Fasting serum samples were assayed for glucose and were measured on the Roche Hitachi 911 analyzer using the hexokinase method (Roche Diagnostics). Age, sex, race, and ethnicity were self-reported. BMI was calculated as body weight (in kilograms) divided by height (in meters) squared. Medication history over a period of two weeks prior to the visit was verified by review of medication containers that participants brought to the visit.
Genotyping and imputation
Genotyping was performed on the Affymetrix Genome-wide Human SNP Array 6.0. After quality control for minor allele frequency (MAF) ≥0.01, genotype call rate ≥0.95, per-individual missingness rate ≤0.05, and a Hardy-Weinberg equilibrium test p-value >10−6, we retained 800,099 autosomal SNPs. Imputation was performed using the Sanger Imputation Service (https://imputation.sanger.ac.uk/) with the IMPUTE2 software [9] and the 1000 Genomes Project Phase 3 reference panel [10]. The resulting imputed SNPs were filtered for MAF ≥0.01 and info score ≥0.7 [11]. After filtering, 7,896,808 SNPs were retained for association analysis. Coordinates were based on the hg19 build. All alleles are reported with respect to the positive strand.
Association analysis
Fasting glucose levels from the first available measurement were included (S1 Fig). Association analyses were performed using a two-stage linear mixed model and an additive genetic model. In Stage 1, residuals were obtained from a regression of fasting glucose on age, sex, and BMI. The resulting residuals were ranked and inverse normalized. In Stage 2, SNP association was tested by regressing the values from Stage 1 on imputed dosages, adjusted for three significant principal components obtained from the R package SNPRelate (version 1.28.0) [12] as fixed effects and cryptic relatedness as a random effect using the emmax test in EPACTS (version 3.3.0) [13]. The genome-wide significance level α was declared to be 5×10−8. To test for secondary signals, the analysis in Stage 2 was repeated with the inclusion of genome-wide significant SNPs as covariates. R (version 4.0.3) was used in the analyses [14].
Replication analysis
The Multi-Ethnic Study of Atherosclerosis (MESA) [15] and the Framingham Heart Study (FHS) [16] are prospective studies designed to identify risk factors for subclinical atherosclerosis. Individual-level genotype and phenotype data were obtained by authorized access to dbGaP. The China America Diabetes Mellitus (CADM) study is a case-control study of T2D in China [17]. The Africa America Diabetes Mellitus (AADM) study is a case-control study of type 2 diabetes in Africans [18, 19]. The Howard Family University Study (HUFS) is a population-based cross-sectional study of African Americans in Washington, D.C. [20].

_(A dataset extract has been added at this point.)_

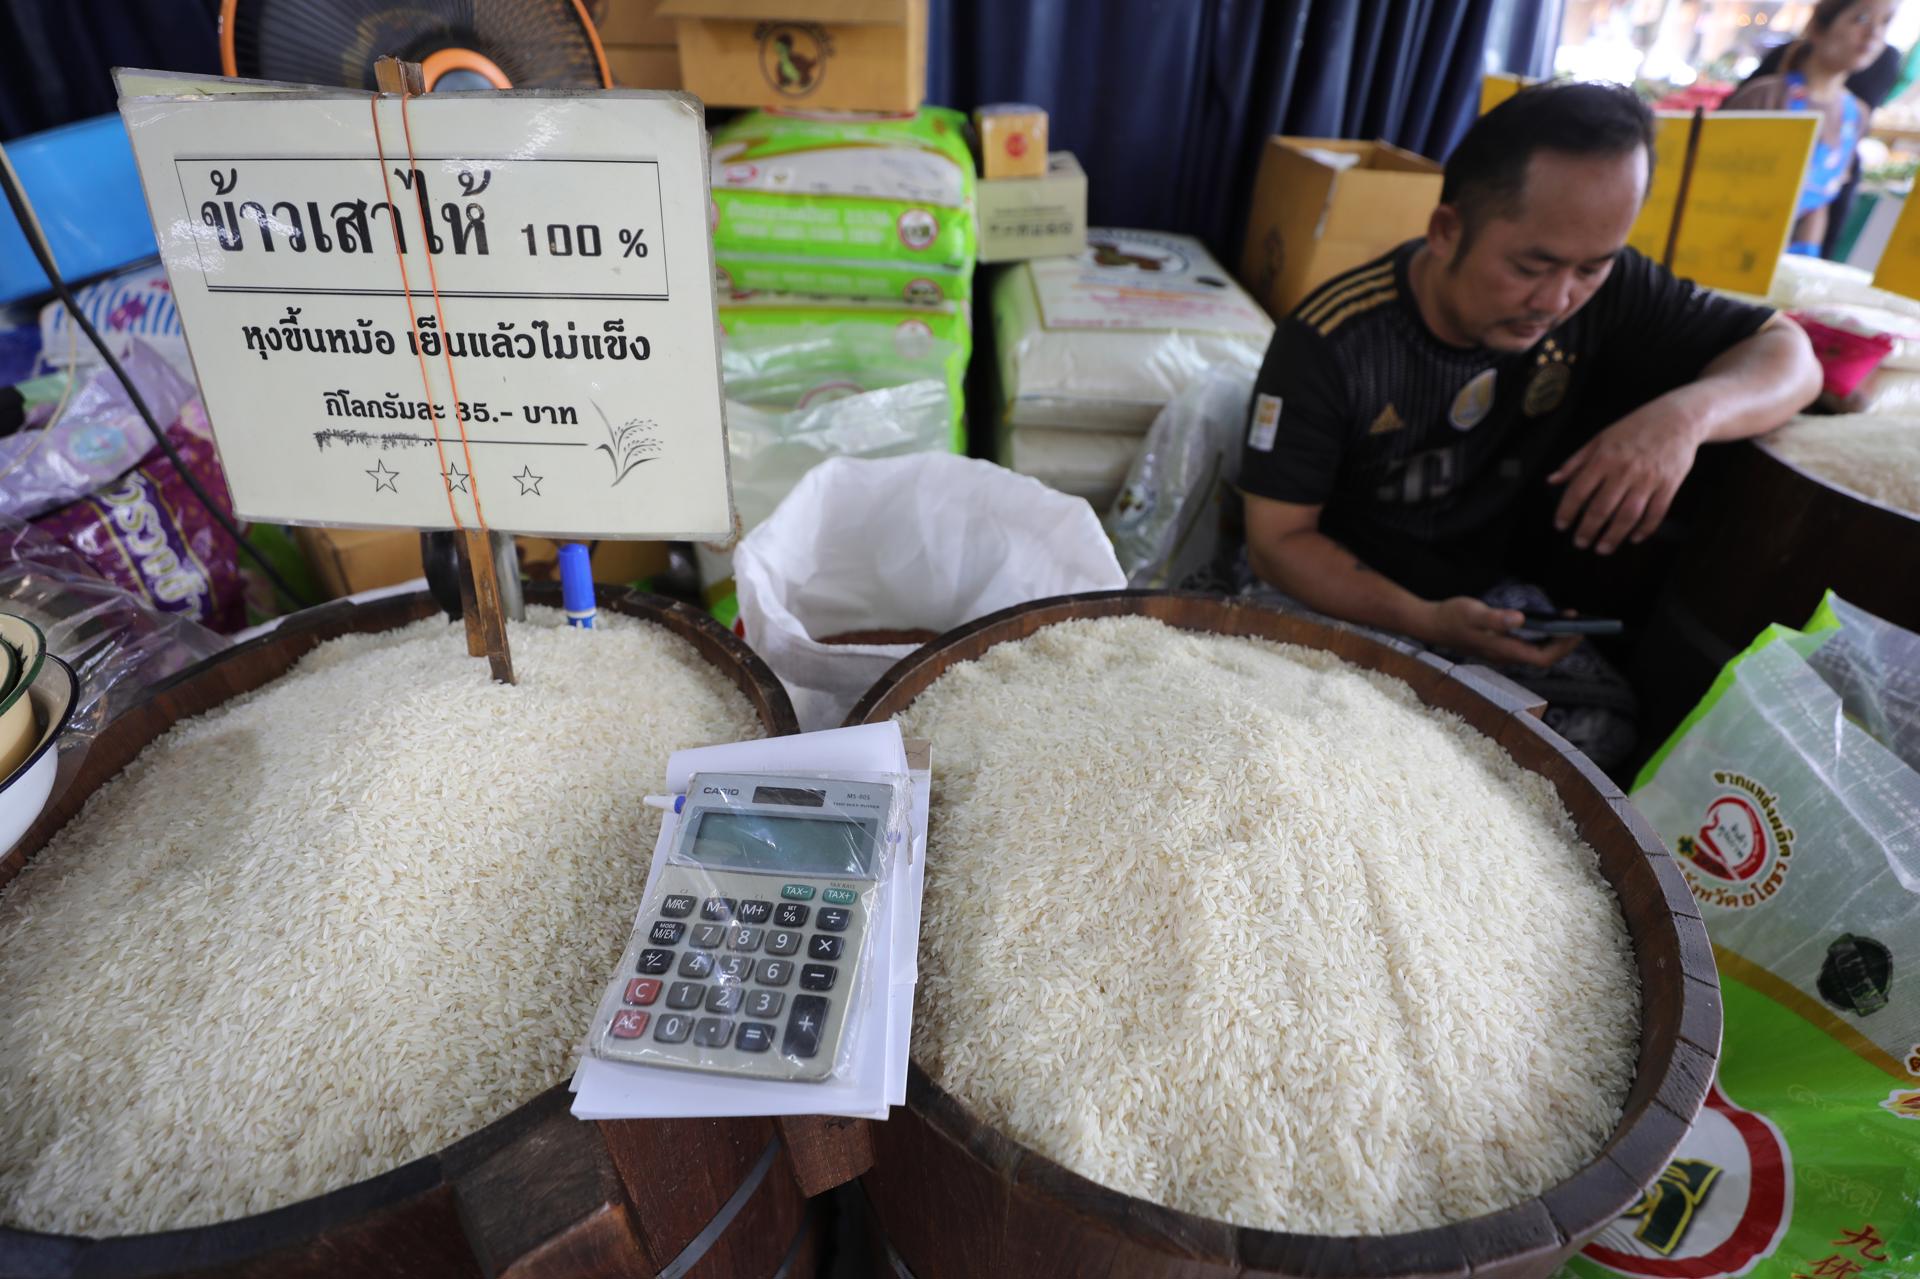 A rice shop worker awaits customers at a market in Bangkok, Thailand, 13 August 2023. The Thai Rice Exporters Association revealed that the price of Thai rice in exports shot up 100 US dollars per metric ton in a month, after India banned rice exports from 20 July 2023, to reduce domestic rice prices and increase supply. EFE/EPA/NARONG SANGNAK

For fasting glucose/type 2 diabetes analysis, we aggregated data from 2,204/2,314 European Americans, 632/697 Chinese Americans, 1,080/1290 Hispanic Americans, and 1,206/1,407 African Americans from MESA; 2,211/4,378 West Africans from AADM; 1,548/1,754 African Americans from HUFS; and 2,430/2,605 African Americans from ARIC; 985/1,883 Chinese from CADM; and 2,007/2,061 from FHS, totaling 14,303/18,389 individuals, respectively. Genotype data comprised approximately one million SNPs using the Affymetrix Genome-wide Human SNP Array 6.0 (ARIC, MESA, and HUFS) or two million SNPs using the Affymetrix Axiom Genome-wide PanAFR Array (AADM). Affymetrix Axiom® Exome Genotyping arrays (~ 300,000 markers) were used in CADM. The Illumina HumanOmni5M array (~4.3M markers) was used in FHS. For in-house data sets (AADM, HUFS, and CADM) for which we collected individual-level data from study participants, we performed sex checks. For the data sets from dbGaP (ARIC, FHS, and MESA), we relied on documentation available within dbGaP. Quality control, genotype imputation, transformation of fasting glucose levels, covariates (including three significant principal components and cryptic relatedness), and association testing were the same as for the discovery analysis. We performed inverse variance-weighted fixed effects meta-analysis using METAL [21]. Coordinates were based on the hg19 build.
Variant annotation
We used SnpEff to annotate variant effects [22]. SnpEff integrates with other tools in sequencing data analysis pipelines and contains two steps, variant annotation and effect prediction. Variant annotation datasets were built using a reference genome (hg19). Two methods, SNAP [23] and I-Mutant3 [24], were used to assess discriminative power, a raw numerical score reflecting direction and reliability of the prediction, for each SNP. Discriminative power is the distance of the actual prediction to the decision boundary (score = 0), which reflects the reliability of the prediction and the severity of the predicted effects [25].
PolyPhen-2 is a tool that predicts the possible impact of an amino acid substitution on the structure and function of a human protein [26]. SIFT is a tool that predicts amino acid changes that affect protein function, distinguishing between functionally neutral and deleterious amino acid changes [27]. Combined Annotation Dependent Depletion (CADD) is a tool for scoring the deleteriousness of variants in the human genome [28, 29]. CADD integrates multiple annotations to generate scores that strongly correlate with allelic diversity, pathogenicity of both coding and non-coding variants, and experimentally measured regulatory effects and that highly rank causal variants. Polyphen-2, SIFT, and CADD scores were all retrieved from Ensembl 104 [30].
Fine mapping
Region fine mapping was performed using the R package CAVIARBF (version 0.2.1), an approximate Bayesian method that can incorporate functional annotation [31]. Minimal data requirements are marginal statistical test results and linkage disequilibrium between SNPs. SNPs with MAF ≥ 0.05 within the gene region ±150kb were selected. SNP annotations were coded for the absence (0) or presence (1) of promoter histone marks, enhancer histone marks, DNAse I hypersensitive sites, or bound proteins as provided by HaploReg v4.1 [32]. Bayes factors were calculated conditional on a maximum number of causal SNPs. The estimated Bayes factors and prior probabilities were then used to estimate the posterior inclusion probabilities.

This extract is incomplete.